Le campagne presidenziali di ieri ci aiutano a capire l'oggi, basta evocare gli slogan per vedere come Obama e Trump siano più vicini di quanto dicano le cronache, sono i figli di un'America che tramonta. "Make America Great Again" e "America First" resteranno nella storia e lo stesso non potrà dirsi degli slogan di Biden-Harris. Chi se li ricorda? Il lungo silenzio, il non-ricordo è un altro indizio, la forza della comunicazione, il ritmo e il simbolismo della parola. Questo è un elemento di continuità tra Obama e Trump, il simbolismo del linguaggio, il primo un eccezionale rapper, capace di incantare la folla scandendo "Change" e "Hope", il secondo un tamburo nella foresta che recita "The Snake" di Al Wilson in un paese dove il ranch, i cavalli selvaggi, - e l'immigrazione, lo straniero - sono un elemento pulsante dell'immaginario. La crisi dei migranti che ha travolto l'amministrazione Biden e soprattutto la vicepresidente Kamala Harris, nel suo staff fioccano le dimissioni perché in presenza si nota solo la sua assenza. Cose che capitano.
Il recupero nello storytelling di Trump della metafora de "l'uomo dimenticato" di Roosevelt in un'America senza una depressione economica - ma con la depressione nello spirito - è il segno della continuità con Obama (l'eccezione che vince) e della discontinuità rispetto alla lettura mainstream di un trionfo di Hillary Clinton. Obama e Trump sono due elementi di "rottura" del racconto, due svolte del grande romanzo americano, l'apparizione del "game changer" (così Sergio Marchionne - l'uomo a cui Obama affidò il salvataggio di Chrisler - definì Trump dopo averlo incontrato alla Casa Bianca) in un paesaggio pre-confezionato. Obama raccoglie un paese sull'orlo del fallimento, Trump una nazione sull'orlo di una crisi di nervi. Entrambi offrono una ragione retorica per sperare, senza mai unire il paese, parlano a due Americhe, ne solleticano la fantasia, le schierano in piazza, l'un contro l'altro armati, amati e odiati.
Il 2008 di Obama e il 2016 di Trump furono la doppia fine dei clan: il tramonto dei Bush e quello dei Clinton. Sconfitti da due outsider, così diversi eppure così vicini. La storia li ha fusi, c'è uno strano oggetto che sorvola il cielo americano: "Trumbama".

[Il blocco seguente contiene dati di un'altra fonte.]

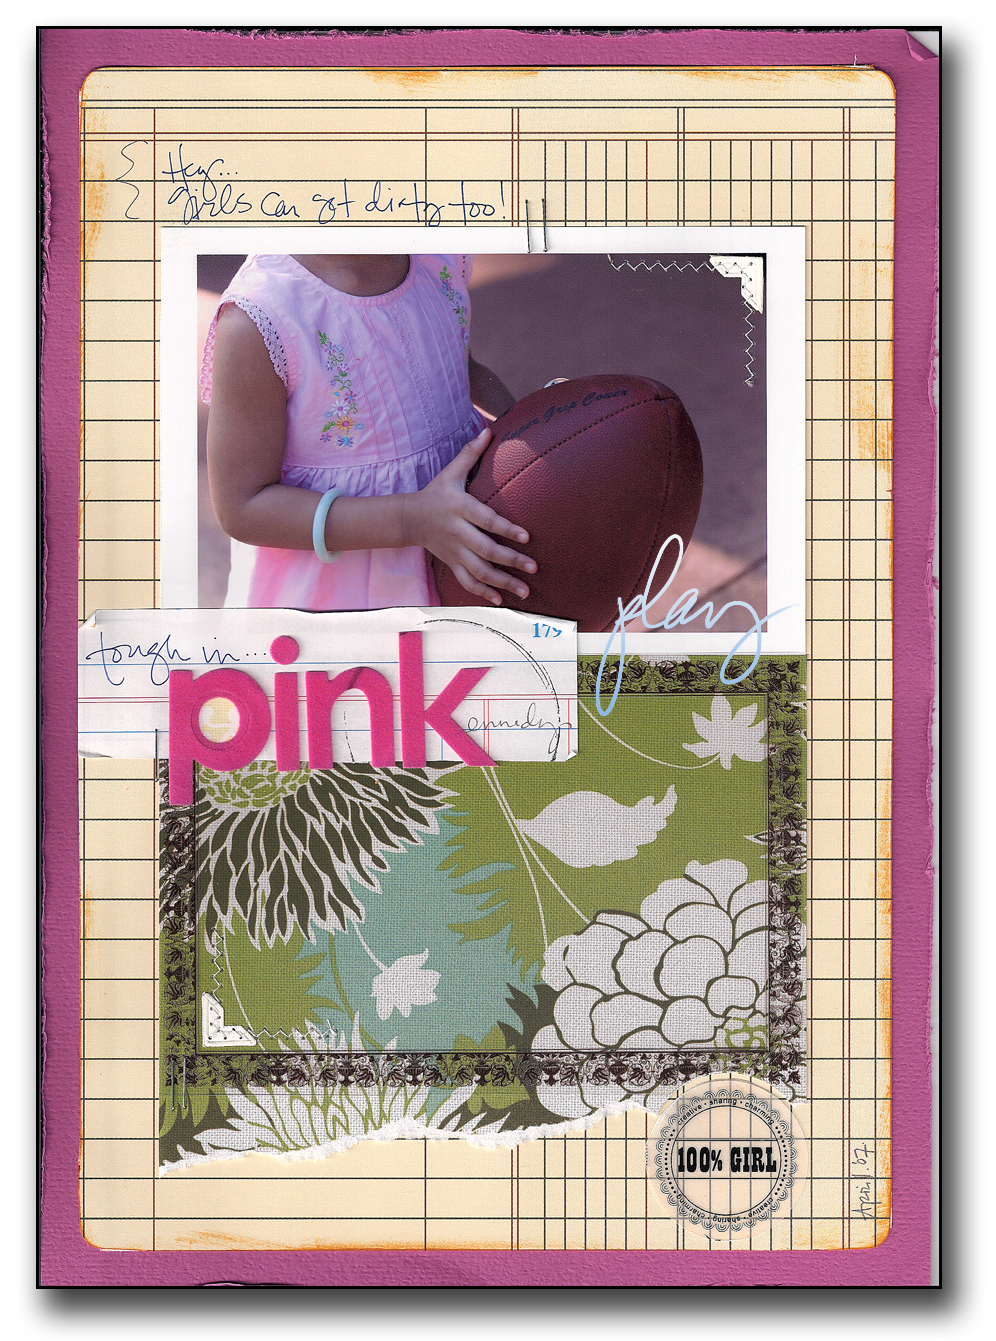 [ Tough In Pink // 2007 ]

Quarta tappa. 2021, il colpo rosso in Virginia
Le parole chiave di questa storia sono due entità: "noi e gli altri". Dove il "noi" è il Lego colorato della nazione obamiana che Barack nella campagna e nell'azione politica del secondo mandato plasma, curva, piega, chiama, carezza, mobilita, è la somma dei cluster elettorali (e degli algoritmi che lui userà nella corsa del 2012) contrapposta a tutto quello che è fuori da questo conteggio, "gli altri" , l'America bianca, quel che resta dell'antico nucleo dei Fondatori. Otto anni di Obama hanno prodotto la reazione degli "altri" , la fazione-nazione dipinta nelle università liberal come il nucleo dello schiavismo, del razzismo, il clan usurpatore del suolo dei nativi, l'alta educazione dei ricchi da sovvertire (destino curioso per il fu centrismo dei dem, puro distillato dell'establishment dei campus dell'élite). Quando nel 2016 entra in scena Trump, quelli del Tea Party avevano già messo a soqquadro il partito repubblicano, Joe The Plumber, l'idraulico, era il prototipo di quelli che Hillary Clinton (gaffe stellare che le costò la presidenza) chiamò poi "deplorables", i miserabili di un Victor Hugo trasferito in Pennsylvania che poi condussero Trump alla vittoria. Milioni di americani votarono Trump perché ebbero la conferma di essere considerati dei reietti, esclusi dal "noi", schiacciati ad essere sempre "altri", il primo germoglio di un nuovo manicheismo americano.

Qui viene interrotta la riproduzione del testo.